Recently, Bencsik and colleagues have reported the discovery and synthesis of a novel series of dihydrothieno- (see the picture below) and dihydrofuropyrimidines as potent pan Akt inhibitors [28]. Utilizing an available SAR and analysis of the amino acid sequences in the binding site authors have designed small-molecule inhibitors displaying increased PKA and general kinase selectivity with improved tolerability compared to the progenitor pyrrolopyrimidine. A representative dihydrothieno compound was advanced into a PC3-NCI prostate mouse tumor model in which it demonstrated a dose dependent reduction in tumor growth and stasis when dosed orally daily at 200 mg/kg.

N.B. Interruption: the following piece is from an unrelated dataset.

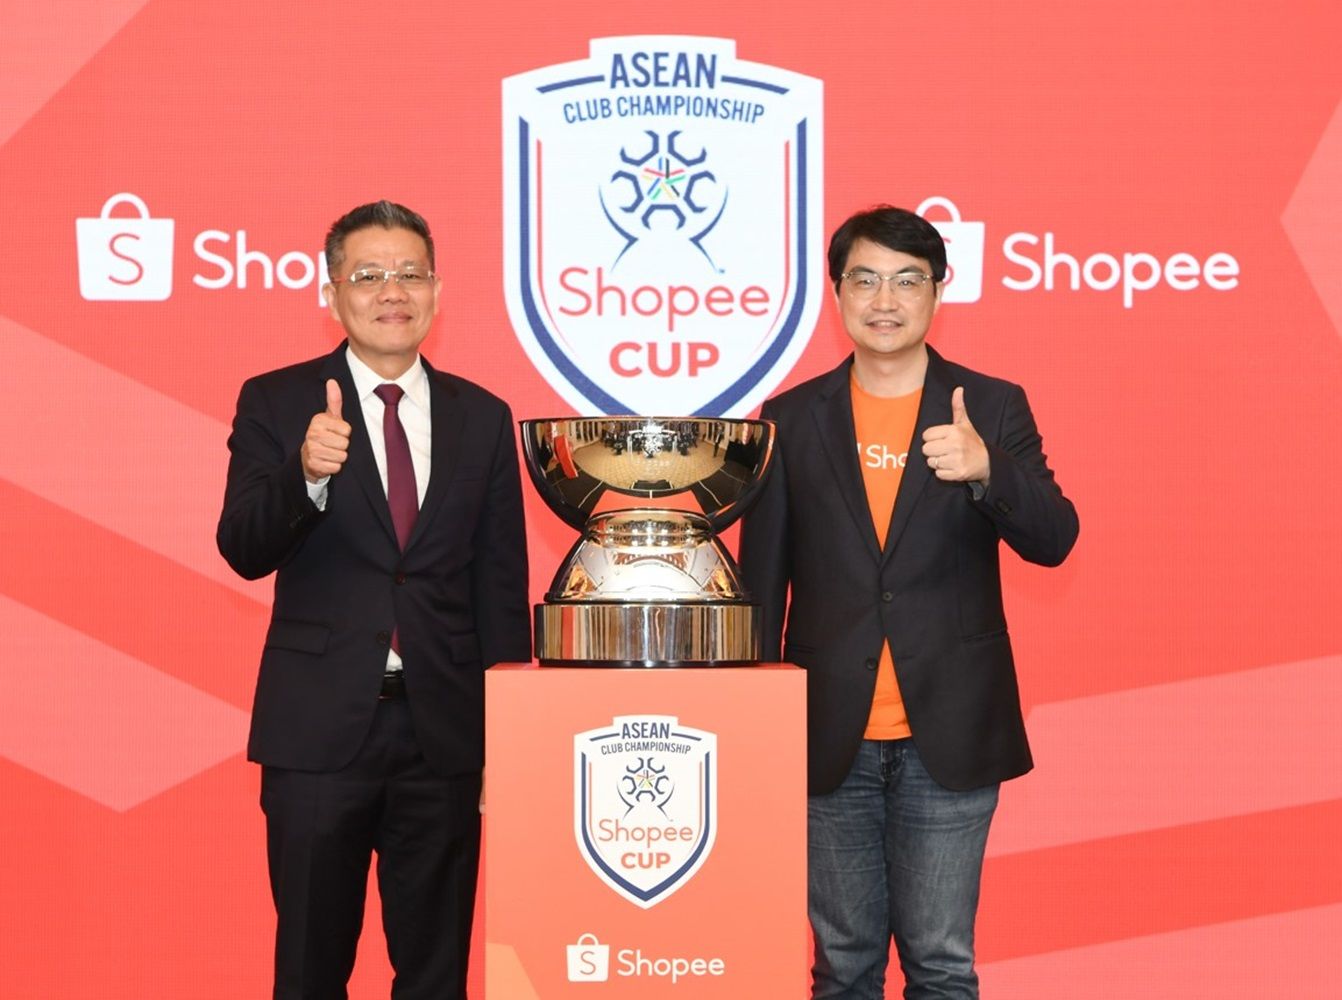 Shopee dan ASEAN Football Federation atau Federasi Sepak Bola ASEAN (AFF) berkolaborasi menyelenggarakan Shopee Cup ASEAN Club Championship

Kallan et al [29] have reported a novel series of spirochromane pan-Akt inhibitors (see the example below). SAR optimization furnished compounds with improved enzyme potencies and excellent selectivity over the related AGC kinase PKA. Attempted replacement of the phenol hinge binder provided compounds with excellent Akt enzyme and cell activities but greatly diminished selectivity over PKA.

Xu et al [30] described the design and synthesis of novel bicyclic spiro sulfonamides as potent Akt inhibitors (see the example below). Through structure-based rational design, authors have successfully improved PKA selectivity of previously disclosed spiro-chromanes. Representative compounds showed favorable Akt potency while exhibiting up to 1000-fold selectivity against PKA.

Based on the HTS approach Lippa and colleagues [31] have revealed novel pyrrolopyrimidine inhibitors of the Akt kinase. X-ray co-crystal structures of two lead series results in the understanding of key binding interactions, the design of new lead series, and enhanced potency. For instance, the X-Ray representations of two hits: N-[2-(5-methyl-4H-1,2,4-triazol-3-yl)phenyl]-7H-pyrrolo[2,3-d]pyrimidin-4amine (IC50 = 151 nM) and 5-(5-chloro-7H-pyrrolo[2,3-d]pyrimidin-4- yl)-4,5,6,7-tetrahydro-1Himidazo[4,5-c]pyridine (IC50 = 42 nM) are shown below in details. It should be noted, that among active compounds, spiro-indoline derivative is found to have an Akt1 kinase IC(50) of 2.4+/-0.6 nM, Akt cell potency of 50+/-19 nM, and provides 68% inhibition of tumor growth in a mouse xenograft model (50 mg/kg, qd, po).

We have used the X-Ray data and SARs listed above for the development of our 3D-molecular docking model with sufficient predictive power for reliable classification of compounds toward Akt kinase. As an example, fig. 6 shows a “high-score” compound (ID: 7639-0144) in the ATP active binding site of the studied target. As shown in the figure, the compound favorably maintains key interactions within the site which have been revealed by X-Ray for the reference structure.

At the output, we have selected more than 16K “high score” compounds for further evaluation.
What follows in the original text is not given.